Now, package Synth generated a solution with a dependent loss of 4.328506 which is even smaller than the dependent loss 4.440946 obtained by improveSynth. However, the solution generated by Synth is infeasible: the inner optimization failed, returning a suboptimal weight vector w for the control units, which itself lead to a wrong calculation of the dependent loss (which, of course, depends on w). Implanting the true optimal w (depending on v) leads to a large increase of the dependent loss, which uncovers the suboptimality of v.

improveSynth is able to detect this severe problem and calculates an improved and feasible solution (the improved solution matches the solution obtained from the first call to improveSynth above, with a dependent loss of 4.440946).

## Summary

Issues with the inner and outer optimizers used in synth from package Synth may lead to infeasible or suboptimal solutions.

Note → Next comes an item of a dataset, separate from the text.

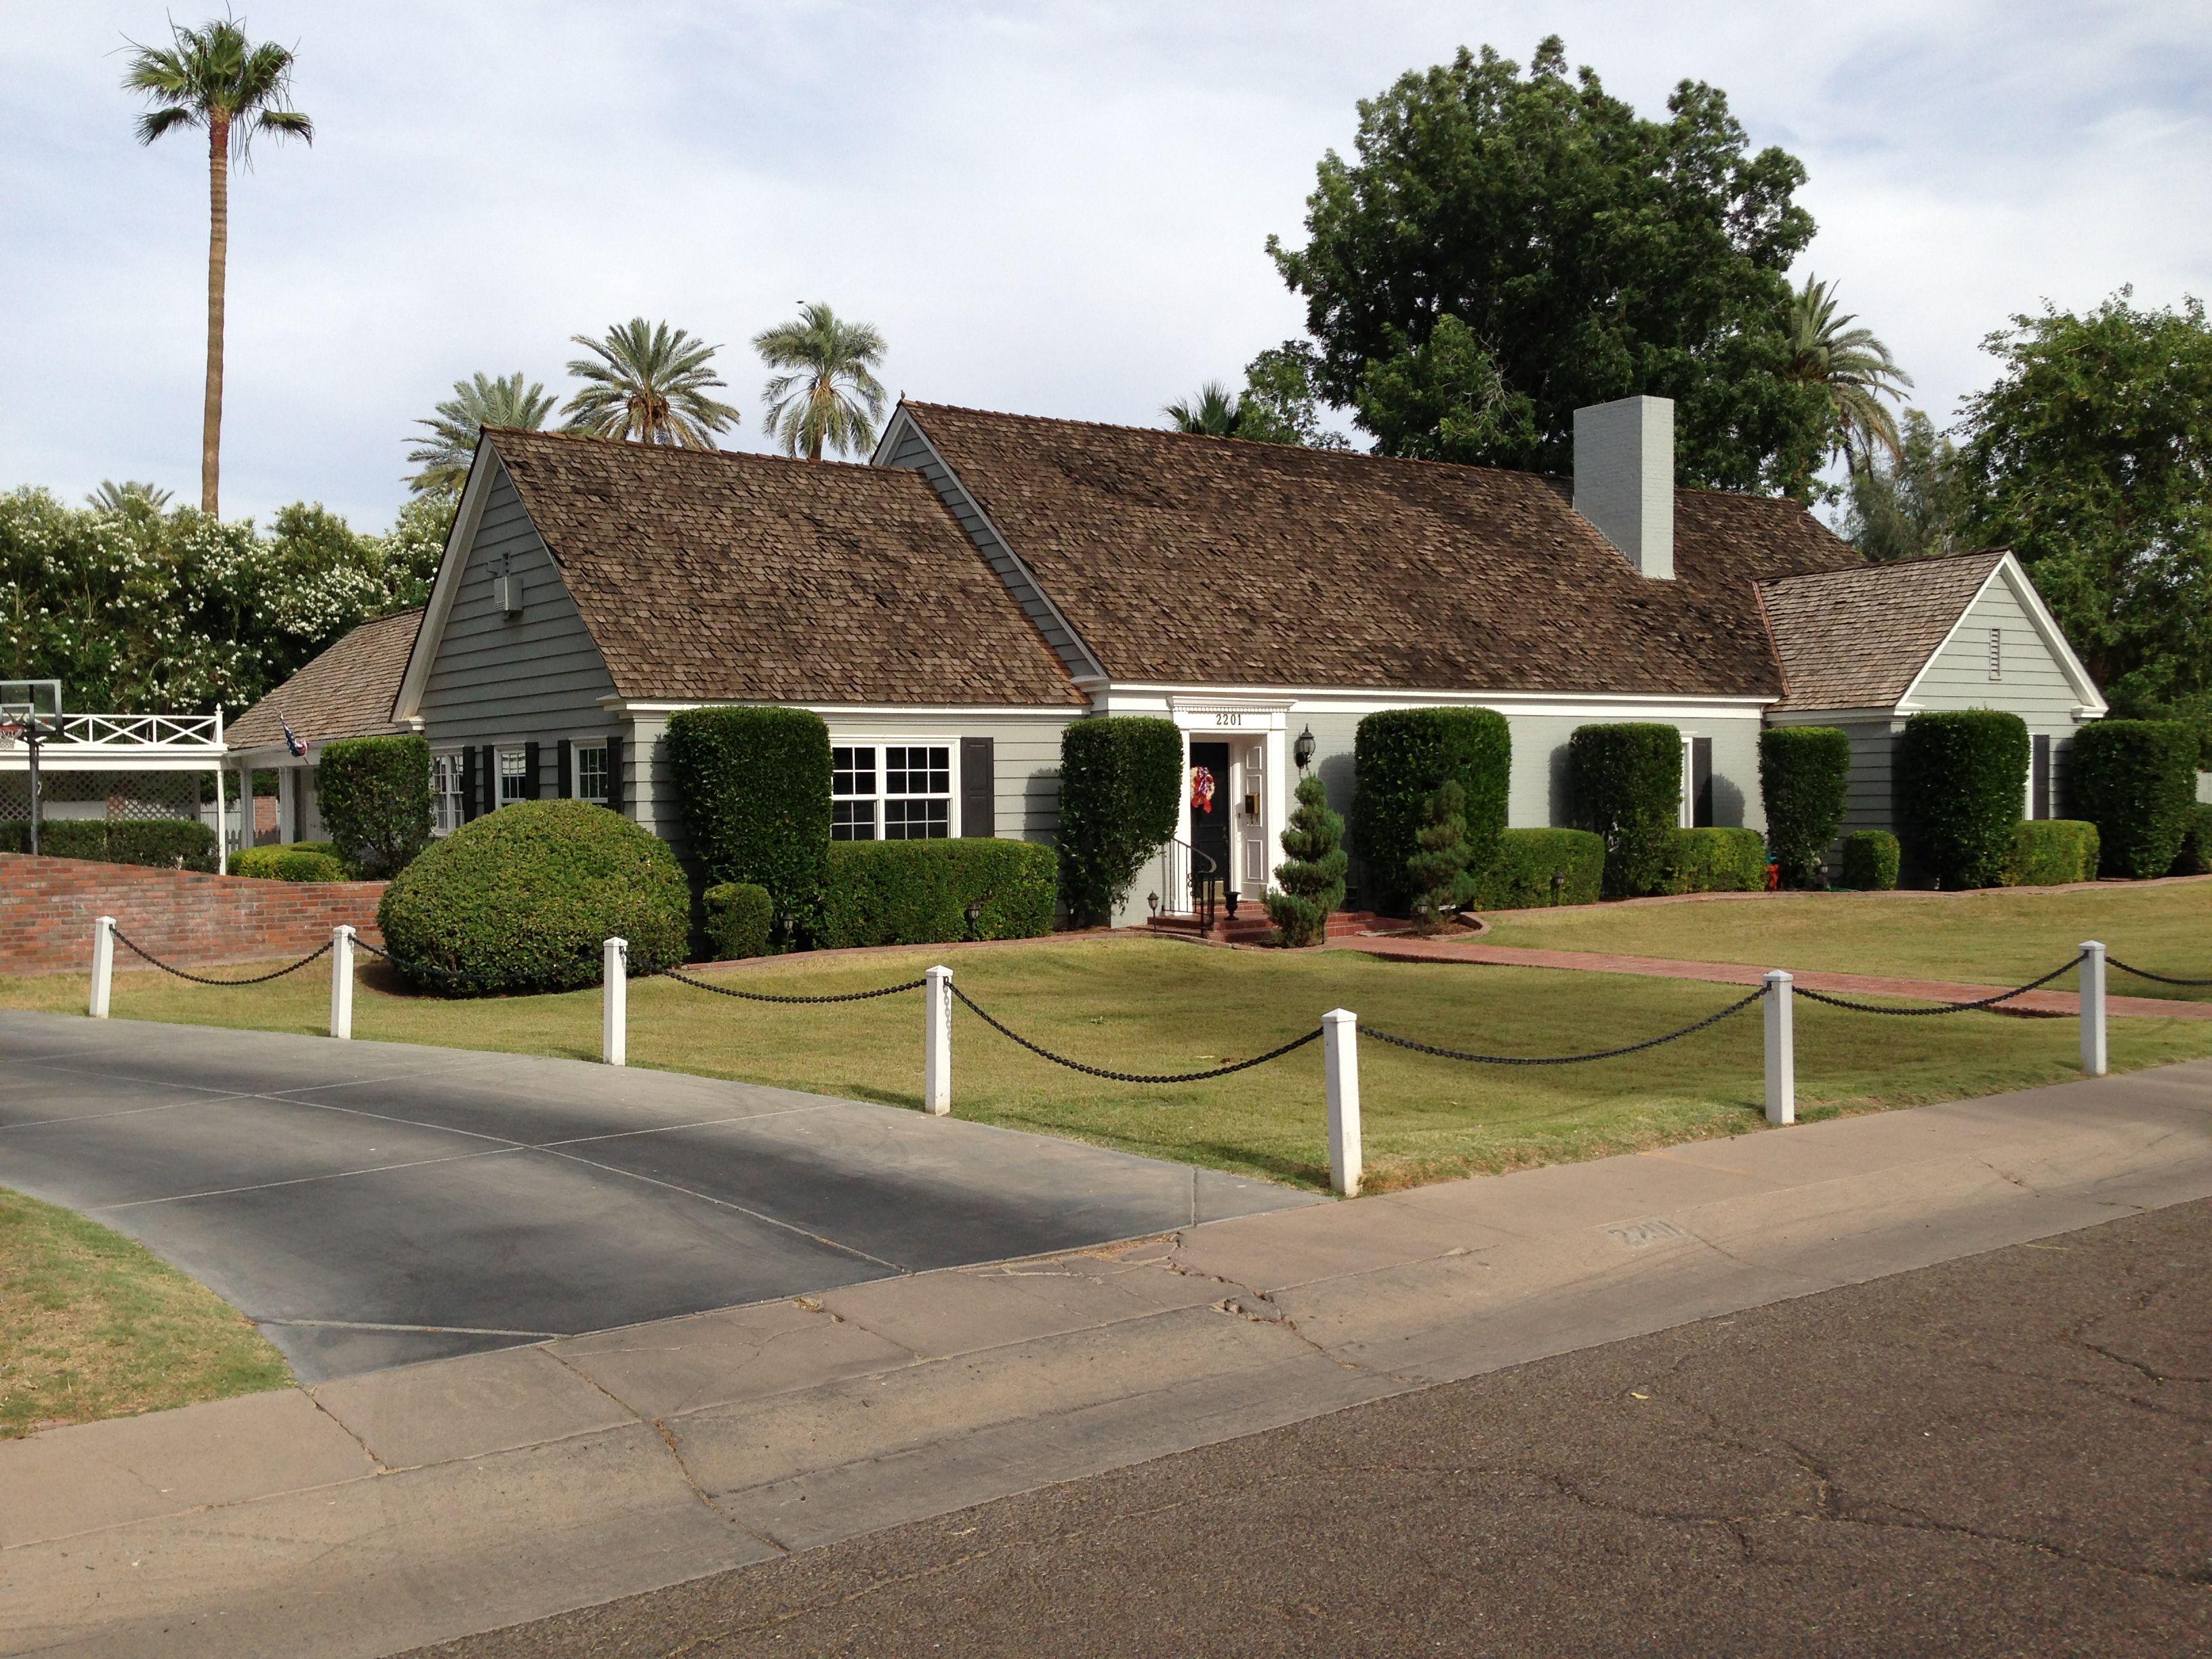 alvarado historic district homes for sale in phoenix arizona rh co pinterest com

This vignette illustrated the usage of the convenience function improveSynth from package MSCMT for checking and potentially improving results obtained from synth.

## References

Becker, Martin, and Stefan Klößner. 2017. “Estimating the Economic Costs of Organized Crime by Synthetic Control Methods.” Journal of Applied Econometrics 32 (7): 1367–9. http://dx.doi.org/10.1002/jae.2572.

———. 2018. “Fast and Reliable Computation of Generalized Synthetic Controls.” Econometrics and Statistics 5: 1–19. https://doi.org/10.1016/j.ecosta.2017.08.002.

1. To reproduce from scratch, please delete "synth3.out.RData" from the vignettes folder.